The Tramp, No. 5 - City Lights (1931)


“A comedy romance in pantomime.”

City Lights: The world’s second greatest movie, so says the British Film Institute circa 1952 (second to Bicycle Thieves, which is more foreign and therefore better). Orson Welles’ favorite movie. Nearly so for Kubrick. More recently, AFI’s top romantic comedy, thirty-eighth best comedy, but somehow better than that overall at eleventh. IMDb’s highest-ranked silent film.

City Lights is very well Charlie Chaplin’s ultimate creation, even if he would personally point to something else (The Gold Rush) as his masterpiece – owing no doubt to the happier circumstances of its creation. City Lights is the essential Chaplin, the essential Little Tramp, because it unites all of Chaplin’s chief concerns into a single whole – his pathos, slapstick, pantomime, obsession with class as seen by a dignified vagabond. If the earlier, 1910s Tramp shorts created a formula (Tramp seeks Girl, usually fails), and longer features then explored that fundamental relationship through other entities such as a dog (A Dog’s Life) or a child (The Kid), then City Lights comes full circle, and wholly examines the Tramp and the Girl relationship at feature length, with the maturity of time. Unlike The Gold Rush (where the Girl’s presence is barely tolerable, for me) and The Circus (where she is a painless, necessary evil), in City Lights she is fundamental, essential for Chaplin to cement his combination of comedy and drama.

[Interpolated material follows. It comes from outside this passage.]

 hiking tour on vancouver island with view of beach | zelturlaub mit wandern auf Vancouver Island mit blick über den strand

It is highly worth noting that City Lights is a silent movie, as have been all of Chaplin’s films so far. But it’s 1931 now, four years following The Jazz Singer, and the film industry has switched over to talkies with a dedication that should make today’s lunatic 3-D zealots blush. From 1929 onwards, one could nearly count on but two hands the silent movies released with that intent – it was no time to be a luddite, or nostalgic for an outdated format. Chaplin is a large part of this minor holdout, as he had the cachet to be free even from overarching entertainment meta-narratives – Buñuel, Murnau and Ozu are among the few other late-adopters.

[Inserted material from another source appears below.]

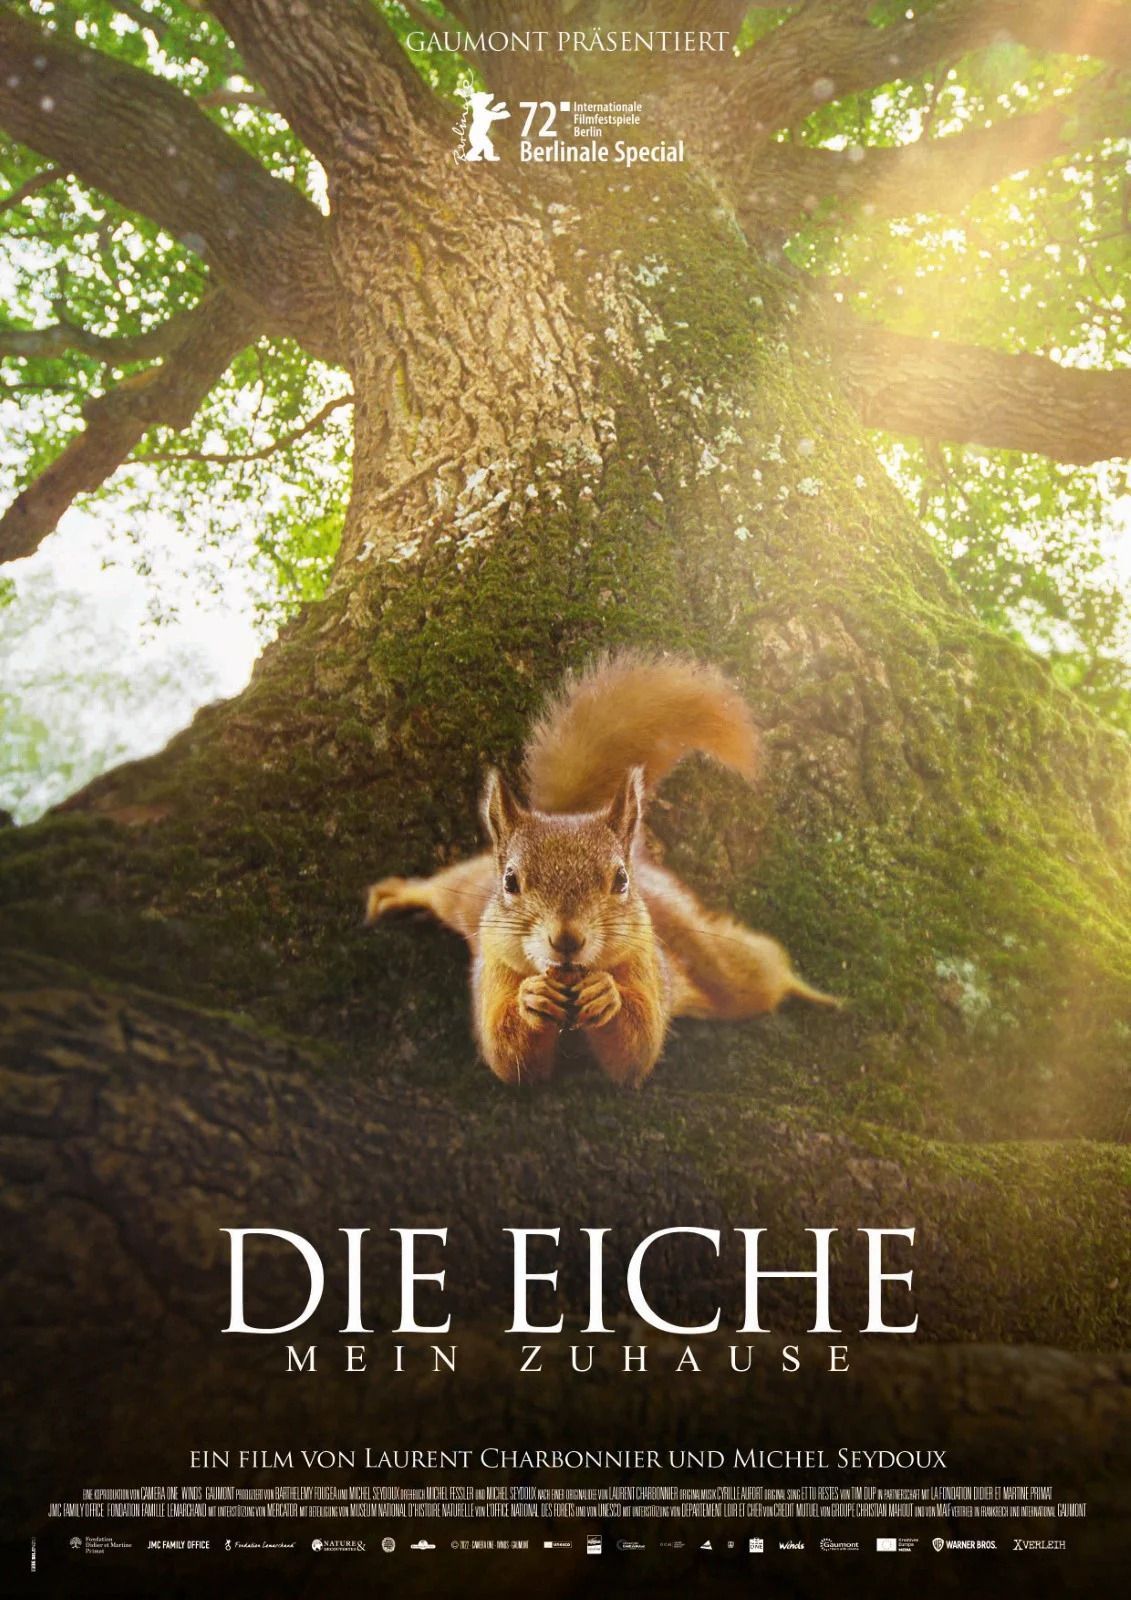 Aus der Reihe VHS-Kino "Die Eiche - Mein Zuhause" am 25.09.24

The decision to retain silence is central to City Lights, which wouldn’t hold nearly its potency were it a product of but a few years earlier. Chaplin’s Tramp was, in Chaplin’s mind, purely a silent pantomime character, a wholly exaggerated, unreal figure whose very essence would be lost with speech – and keep in mind talkies of 1931 were largely word-obsessed harangues, never-ending diatribes delivered rapidly and unintelligibly before a static, disinterested camera. Truly a lot of cinema’s beauty was lost with the technological transition to chattiness, chiefly its air of spectacle, now that movies were limited to a soundstage. The very fundamental nature of filmmaking changed, to the extent where breathless exposition became a crutch, and it’s still difficult to find a movie which truly makes the utmost of its visual nature.

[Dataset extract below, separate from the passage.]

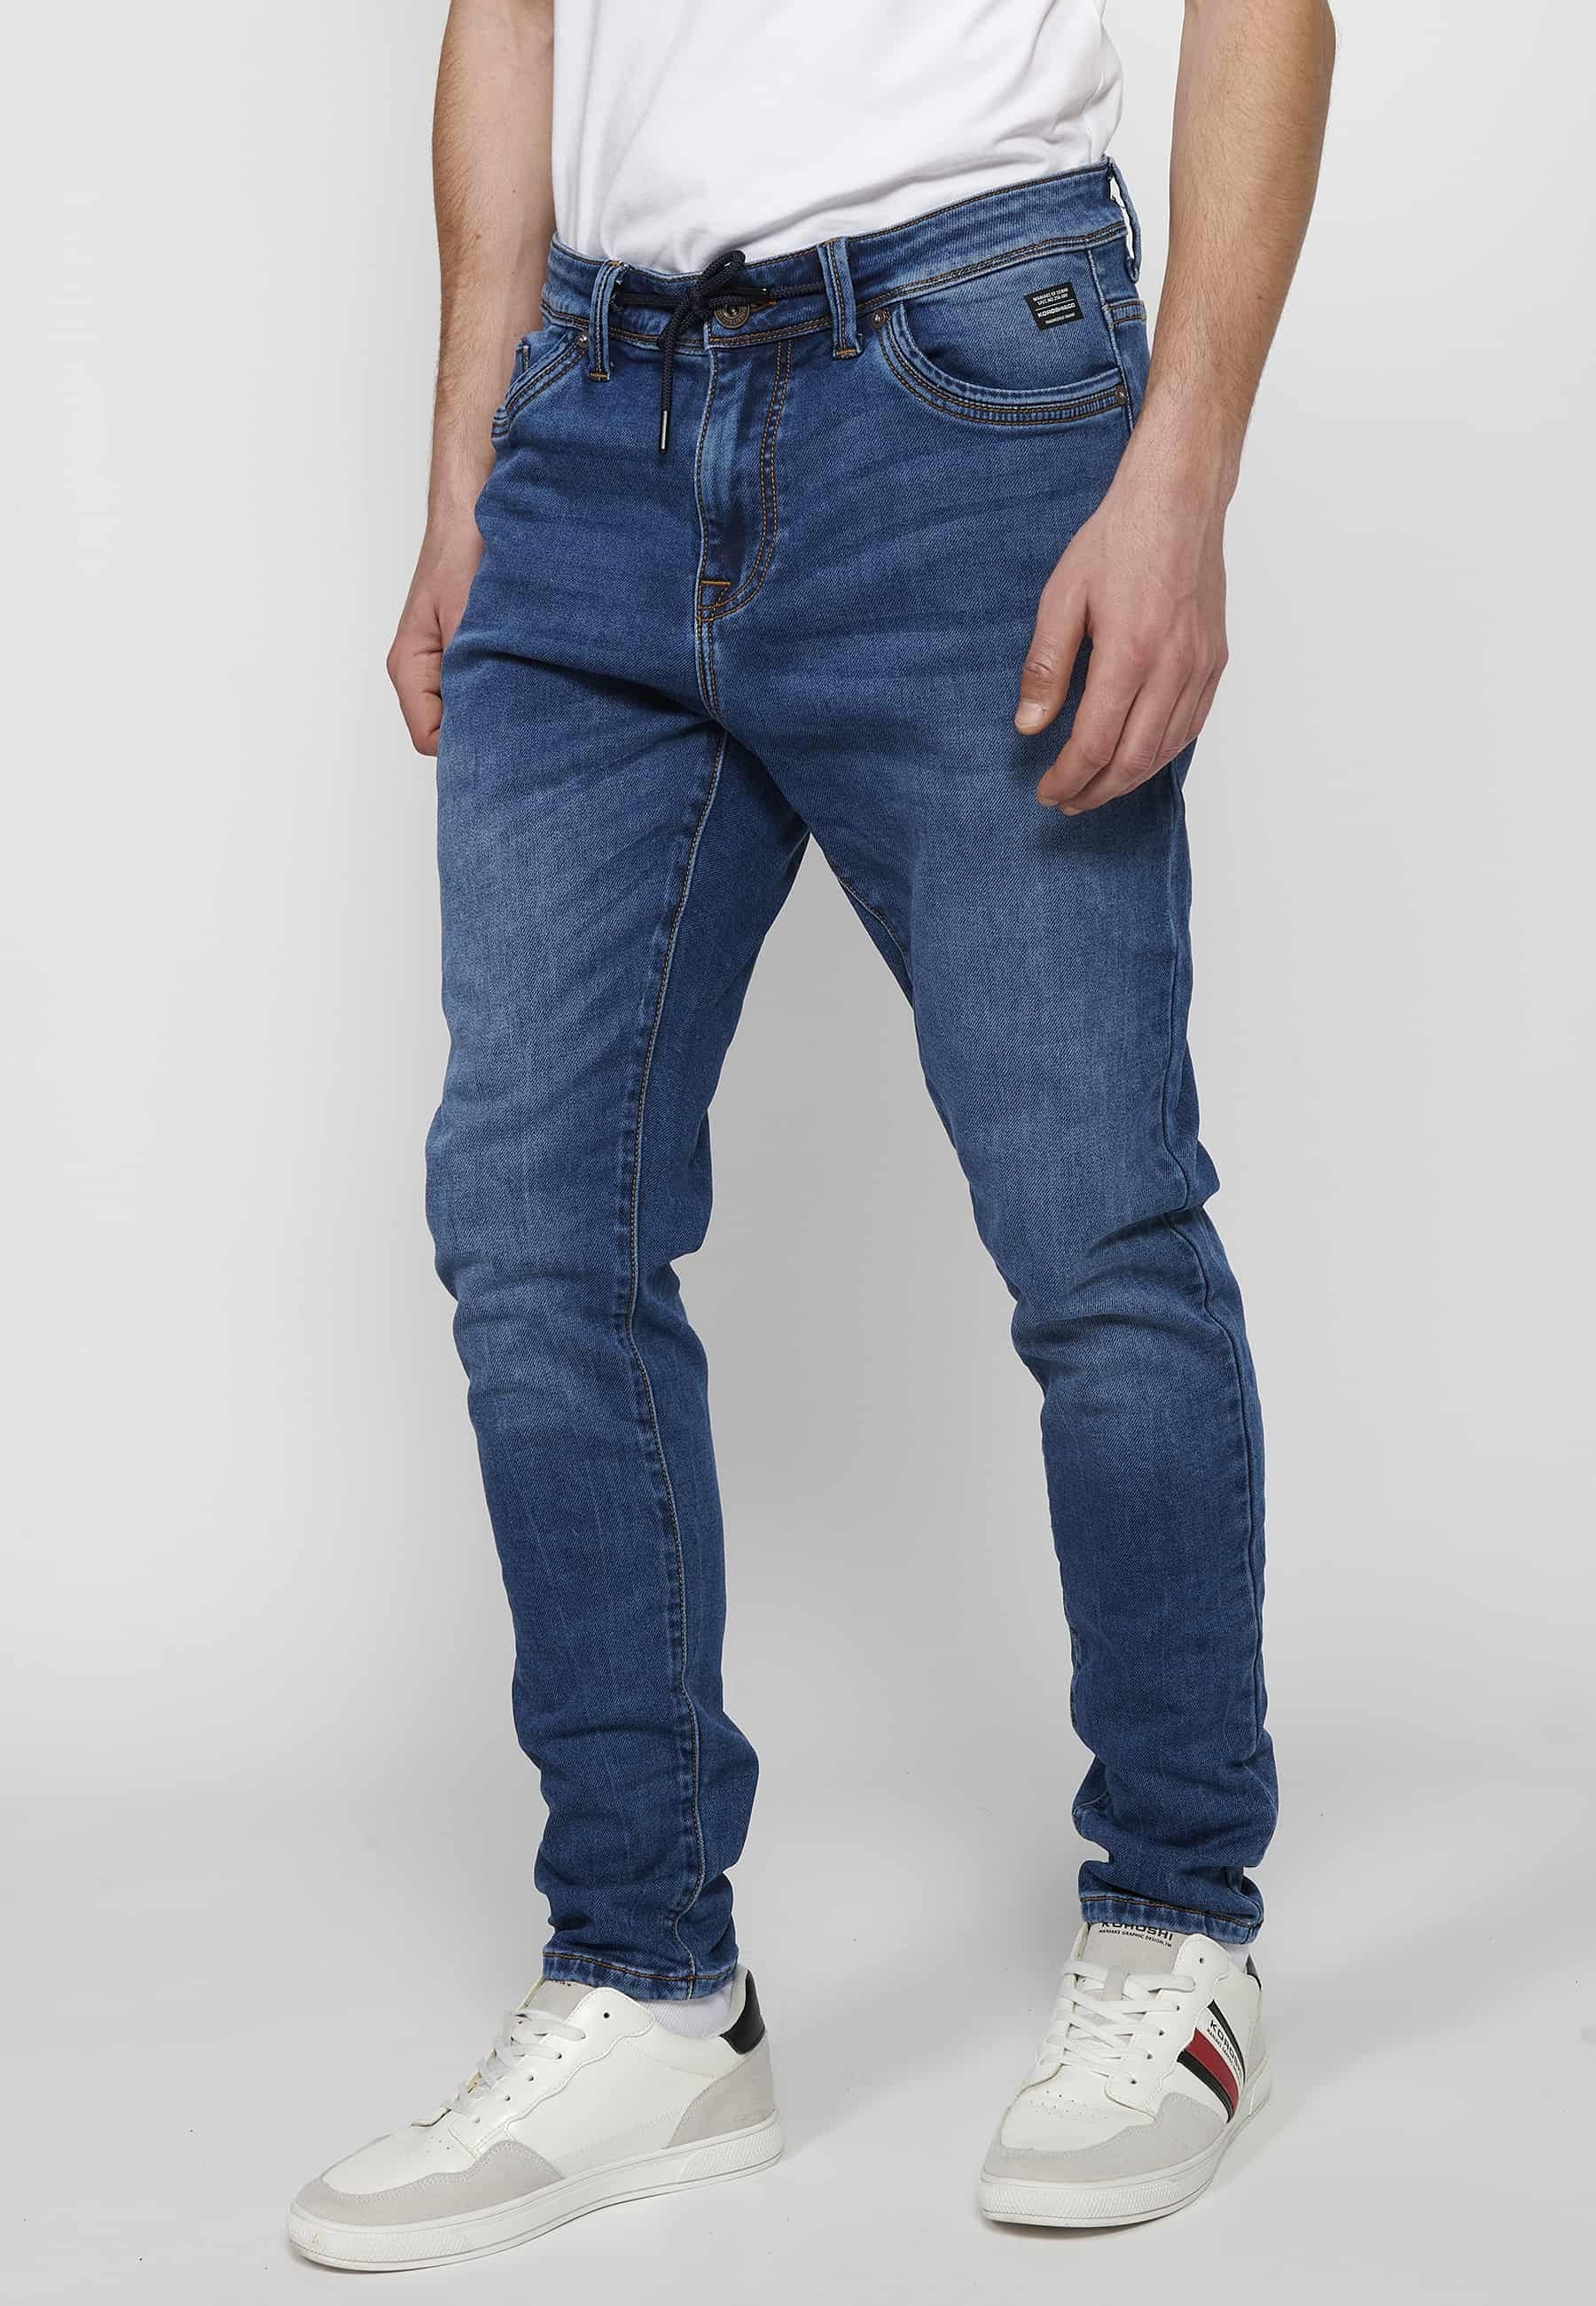 Pantalons llargs jeans llargs low rise slim fit amb Tancament davanter amb cremallera i botó de Color Blau per a Home 4

For Chaplin, his perfectionist approach to filming wouldn’t work with sound, which necessitates a script preplanned to the nth degree prior to shooting – totally at odds with Chaplin’s love (shared by most other silent film practitioners) for relative improvisation. A Chaplin joint would be sketched out in only the broadest terms prior to shooting, then largely made up on the spot – valuable for a clown like Chaplin, where the “voodoo of location” informs the performance greatly. In cinematic comedy, only recently is some degree of improvisation creeping back, but in a Judd Apatow form which isn’t really comparable. Hence, Chaplin-wise, sequences often follow with a sort of semi-logic, resulting in simple (but not simplistic) plots which are perfectly happy to give way to isolated comic set pieces. Hence the four-year gap between Chaplin films, and their astoundingly consistent quality.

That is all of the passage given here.